It was an innocent enough question that I was being asked by the nice woman in the truck sitting next to the porch of my rented cabin in the San Luis Valley in Colorado.

I was puzzled for a second, looking up from my book and wondering why she was offering me a ride when I wasn't going anywhere and my van was sitting there in plain view.

Then it dawned on me. She is a horse trainer who is working with horses owned by my landlord and pastured near the cabin.

Me. On a horse. Hmmm.

She has obviously overheard me telling the landlord, when he asked if they were making too much noise, that my father had been a horse trainer and I was enjoying the show.

A little context here.

I am writing this in a trading post/general store/restaurant with good breakfast burritos, a gourmet coffee stand and (it is also the New West) wi-fi.

But don't let that fool you. Real cowboys come in here, wearing chaps. And not because they are kinky, but because they ride horses through brush that will shred a pair of jeans in nothing flat. It is not unusual to see them toting real guns, although 9mm semi-automatics in Velcro-closure nylon holsters have replaced six-shooters in most instances.

And, in this environment, I have been asked to get on a horse (and a relatively untrained one at that) in front of witnesses.

So I sit here at the Villa Grove Trade, sipping a latte and watching the band set up, and wondering if this is yet one more ridiculous demand I want to make on my aging frame.

What I didn't mention was that my late father, who trained English and hunt seat and harness horses, considered me an embarrassment in the horse ring. We got along all right. But because of an incident in 1965 when I stopped to visit him en route to Vietnam, got on a horse and was promptly thrown off, we reached an agreement.

He promised to never write any newspaper columns, and I promised never again to get on a horse in front of any of his students or owners.

I kept that promise, and haven't been on a horse in 42 years.

But he is gone now, and these folks never heard of him. They break and train horses to work with cattle, and for my landlord, a hunting guide, to take hunting parties back into the surrounding mountain ranges.
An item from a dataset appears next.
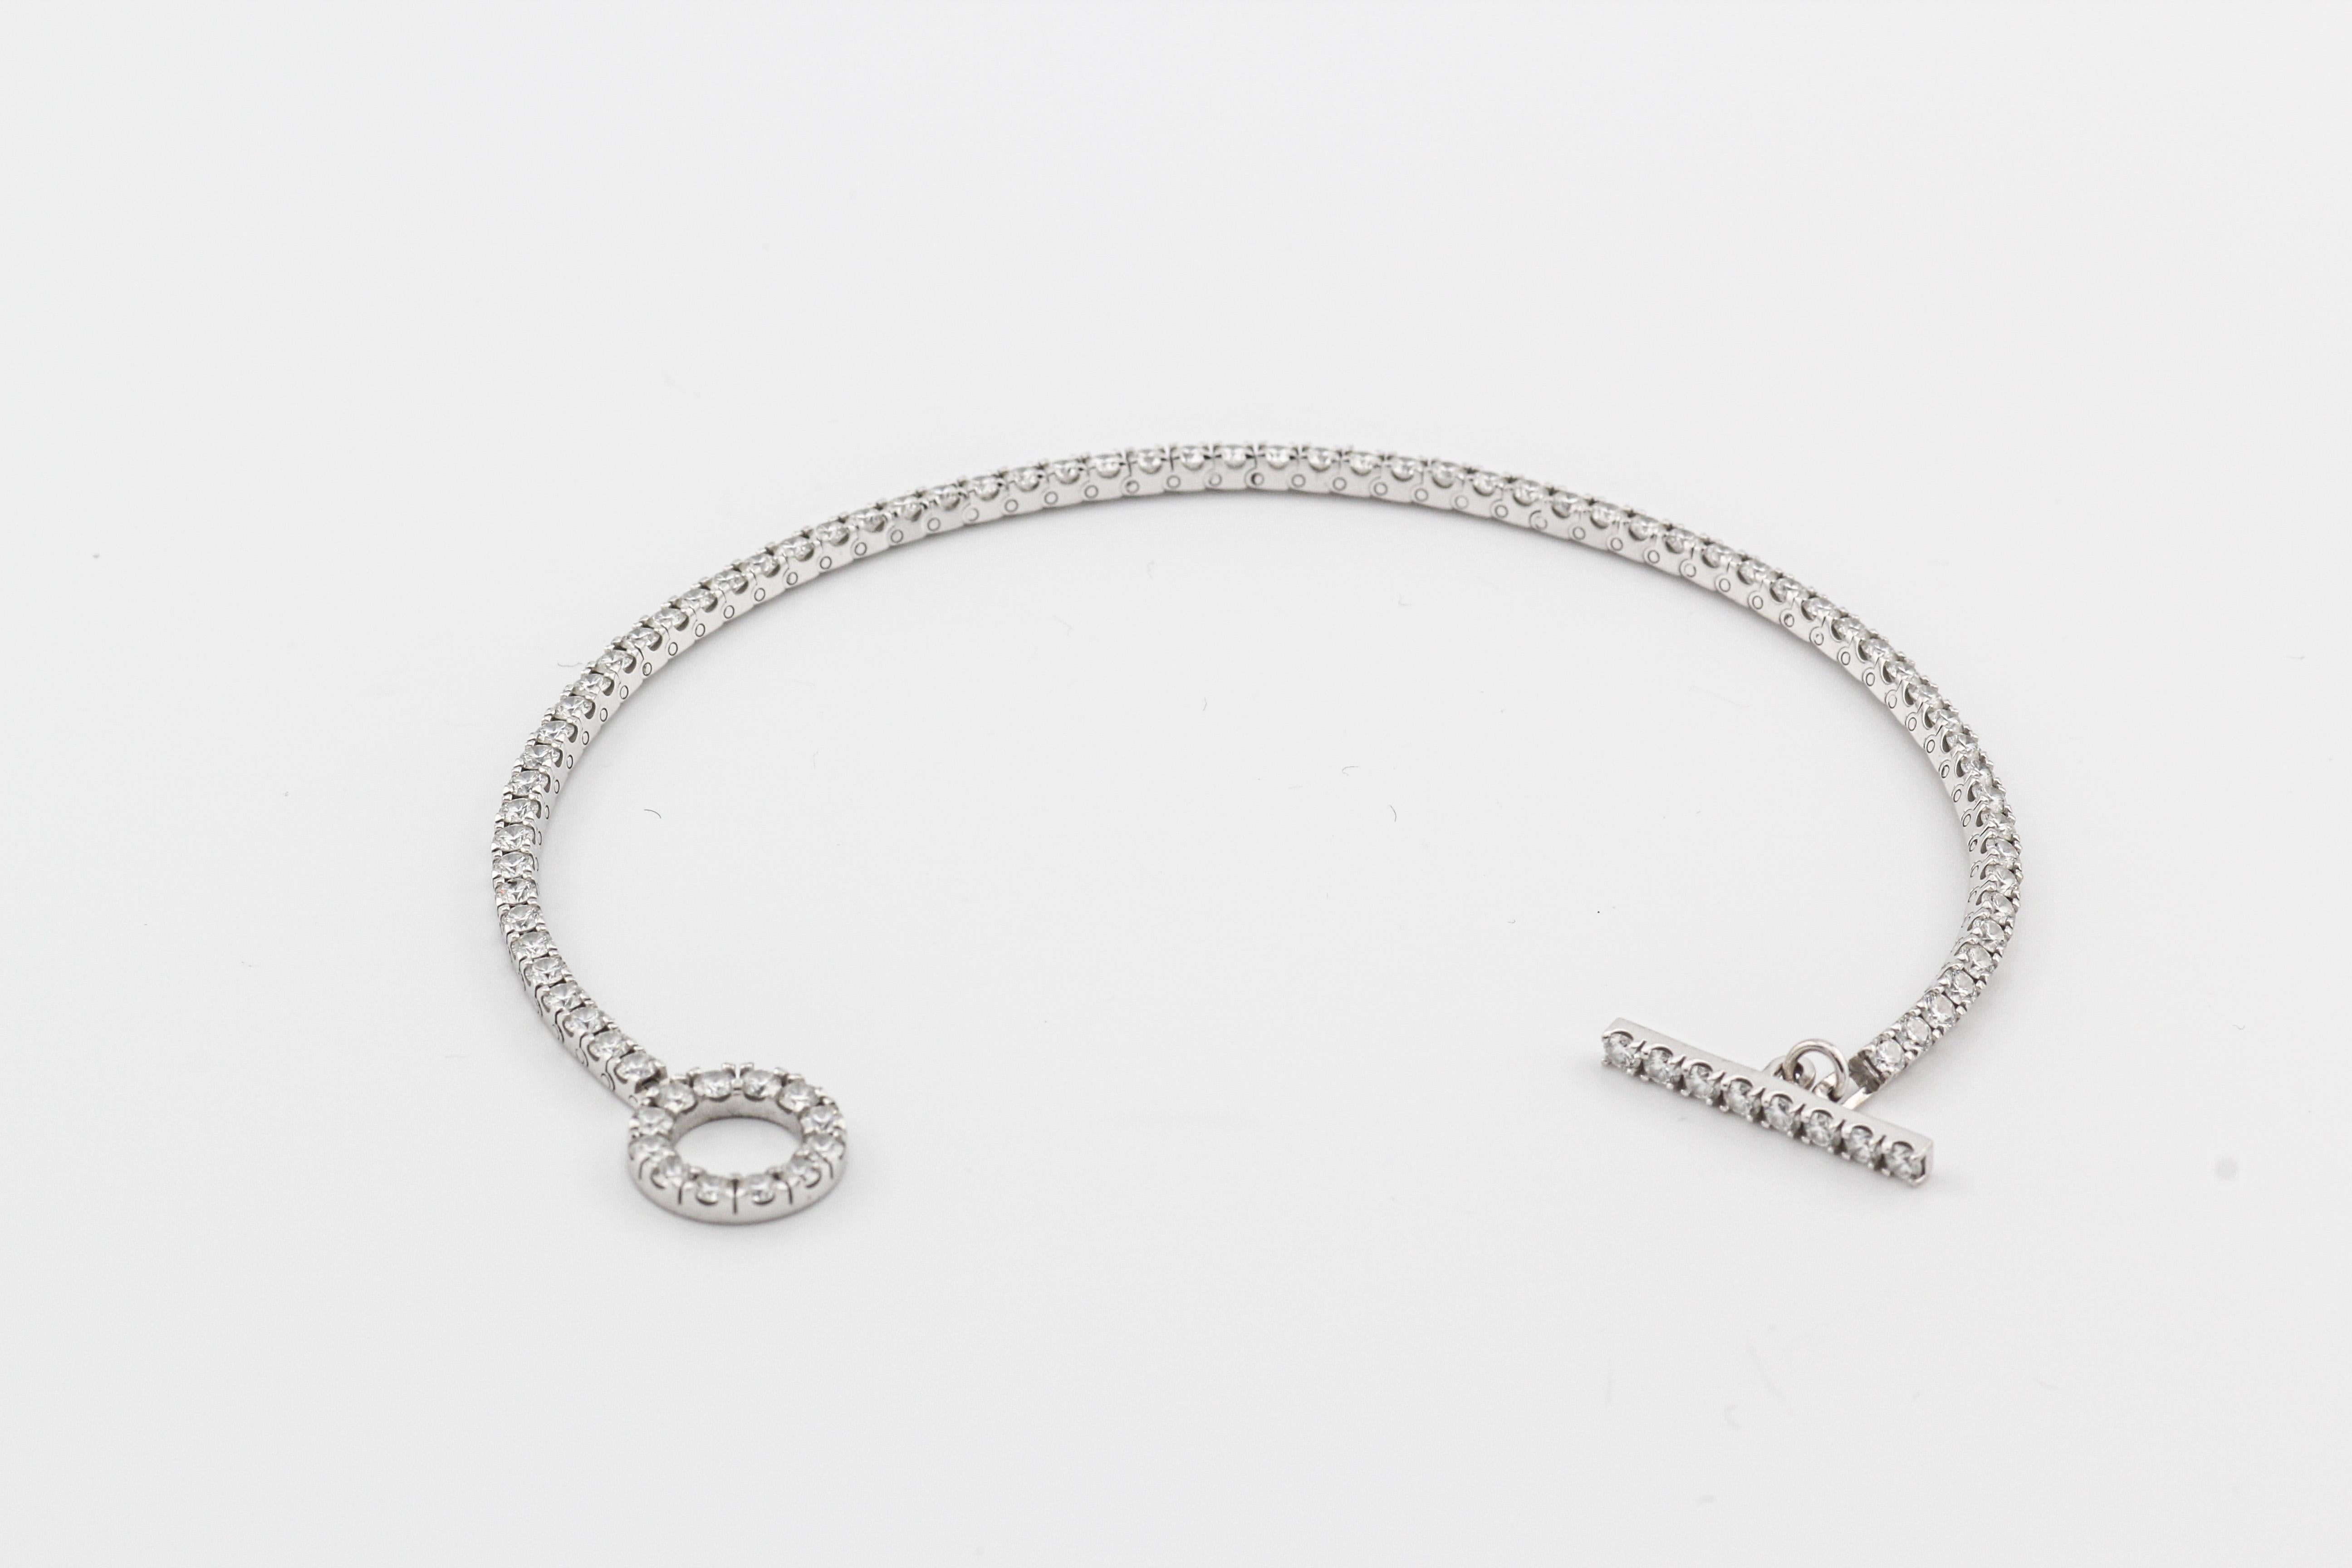 Le bracelet de tennis Finesse en or blanc 18k Hermes Diamond est un bijou éblouissant et sophistiqué qui allie sans effort le luxe et l'élégance intemporelle.  Fabriqué par la célèbre marque de luxe française Hermès, ce bracelet est une véritable

So I am out of excuses. Western rig trainers and riders aren't as concerned about where your pinkies, knees and toes go, and they are kind enough to provide you with a saddle horn to hang onto for dear life when all else fails.

My manhood isn't exactly at question here, but it wouldn't hurt if it became generally known in these parts that the long-haired old guy with all of the hippy-dippy bumper stickers plastered on the back of his van could also ride a horse.

On the other hand, I have learned in the past few years that falling or being thrown to the ground is different proposition than it used to be, and that sawdust in the ring looks a lot harder than it used to.

One of the nice things about folks out here is that they don't rush you into making decisions, so I remain on the porch, watch the sun set over the San Juan Mountains and decide how much I want to ride a horse.

I have to go for now though. It's jazz and gourmet food night at the Trades (I told you it was the New West) and I want to get a good seat.